Items from a dataset:
________________________

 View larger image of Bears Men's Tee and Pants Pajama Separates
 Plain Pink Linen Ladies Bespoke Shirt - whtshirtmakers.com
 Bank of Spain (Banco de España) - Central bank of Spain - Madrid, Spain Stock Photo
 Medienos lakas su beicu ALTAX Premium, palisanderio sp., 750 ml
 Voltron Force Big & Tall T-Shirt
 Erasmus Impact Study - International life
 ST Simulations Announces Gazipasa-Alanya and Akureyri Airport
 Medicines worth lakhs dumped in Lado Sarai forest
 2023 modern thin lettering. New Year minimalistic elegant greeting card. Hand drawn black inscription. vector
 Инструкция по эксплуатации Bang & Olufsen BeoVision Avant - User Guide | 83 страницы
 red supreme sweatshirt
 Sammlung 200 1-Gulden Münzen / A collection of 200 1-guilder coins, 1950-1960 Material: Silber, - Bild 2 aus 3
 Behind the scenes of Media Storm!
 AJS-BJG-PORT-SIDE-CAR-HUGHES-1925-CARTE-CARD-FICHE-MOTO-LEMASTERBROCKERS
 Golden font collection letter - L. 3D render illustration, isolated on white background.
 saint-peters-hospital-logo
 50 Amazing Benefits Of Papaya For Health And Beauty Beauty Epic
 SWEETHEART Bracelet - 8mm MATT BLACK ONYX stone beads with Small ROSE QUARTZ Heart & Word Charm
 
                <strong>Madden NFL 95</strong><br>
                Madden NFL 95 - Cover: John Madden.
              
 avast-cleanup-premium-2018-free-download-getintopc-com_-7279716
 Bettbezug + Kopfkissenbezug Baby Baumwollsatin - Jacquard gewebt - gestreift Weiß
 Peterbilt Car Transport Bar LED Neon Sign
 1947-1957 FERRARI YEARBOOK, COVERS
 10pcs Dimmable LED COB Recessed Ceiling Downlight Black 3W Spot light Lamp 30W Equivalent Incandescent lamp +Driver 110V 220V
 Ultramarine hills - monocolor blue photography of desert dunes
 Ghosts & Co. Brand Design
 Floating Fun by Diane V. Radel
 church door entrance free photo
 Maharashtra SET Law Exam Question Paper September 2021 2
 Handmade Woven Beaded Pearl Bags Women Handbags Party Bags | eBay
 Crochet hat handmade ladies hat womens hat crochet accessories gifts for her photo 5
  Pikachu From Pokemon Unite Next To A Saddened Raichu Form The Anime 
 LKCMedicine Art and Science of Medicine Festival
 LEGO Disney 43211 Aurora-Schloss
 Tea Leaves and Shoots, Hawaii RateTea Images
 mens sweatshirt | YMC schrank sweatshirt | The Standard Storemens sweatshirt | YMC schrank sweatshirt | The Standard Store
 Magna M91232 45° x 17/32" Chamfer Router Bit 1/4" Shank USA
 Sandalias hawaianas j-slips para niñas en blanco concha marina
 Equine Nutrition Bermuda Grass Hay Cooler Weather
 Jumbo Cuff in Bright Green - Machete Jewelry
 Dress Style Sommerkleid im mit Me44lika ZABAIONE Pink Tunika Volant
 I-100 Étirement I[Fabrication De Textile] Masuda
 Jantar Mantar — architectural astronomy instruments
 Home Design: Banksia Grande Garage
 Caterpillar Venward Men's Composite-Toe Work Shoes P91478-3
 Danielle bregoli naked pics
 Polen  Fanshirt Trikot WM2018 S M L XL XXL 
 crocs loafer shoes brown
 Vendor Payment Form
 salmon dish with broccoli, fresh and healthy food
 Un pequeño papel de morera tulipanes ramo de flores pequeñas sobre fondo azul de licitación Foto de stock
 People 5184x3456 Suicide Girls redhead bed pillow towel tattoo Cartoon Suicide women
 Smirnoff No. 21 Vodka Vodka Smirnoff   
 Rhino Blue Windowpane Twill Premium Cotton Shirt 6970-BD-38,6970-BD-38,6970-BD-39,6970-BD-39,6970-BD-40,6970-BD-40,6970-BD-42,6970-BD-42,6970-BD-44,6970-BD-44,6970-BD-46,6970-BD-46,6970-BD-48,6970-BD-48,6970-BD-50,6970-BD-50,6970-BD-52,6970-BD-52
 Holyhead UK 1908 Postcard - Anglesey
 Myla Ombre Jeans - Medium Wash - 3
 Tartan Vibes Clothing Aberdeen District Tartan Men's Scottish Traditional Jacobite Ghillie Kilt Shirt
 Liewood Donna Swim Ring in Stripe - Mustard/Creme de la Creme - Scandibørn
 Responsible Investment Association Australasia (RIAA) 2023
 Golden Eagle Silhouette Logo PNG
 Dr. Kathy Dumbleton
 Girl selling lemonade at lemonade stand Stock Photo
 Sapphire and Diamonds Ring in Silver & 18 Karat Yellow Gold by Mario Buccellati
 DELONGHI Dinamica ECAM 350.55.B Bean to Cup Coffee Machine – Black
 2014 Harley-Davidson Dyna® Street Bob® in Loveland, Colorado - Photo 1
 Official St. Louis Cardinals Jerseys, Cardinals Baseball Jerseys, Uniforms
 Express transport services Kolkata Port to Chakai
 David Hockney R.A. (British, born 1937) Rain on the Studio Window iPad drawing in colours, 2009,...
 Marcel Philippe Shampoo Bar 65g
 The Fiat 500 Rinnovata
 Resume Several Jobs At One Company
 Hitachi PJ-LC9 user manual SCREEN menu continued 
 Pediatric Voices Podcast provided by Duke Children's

________________________

● Work instructions
Read through the data above. Report each line that has the word "Madden".

● Answer space
                <strong>Madden NFL 95</strong><br>
                Madden NFL 95 - Cover: John Madden.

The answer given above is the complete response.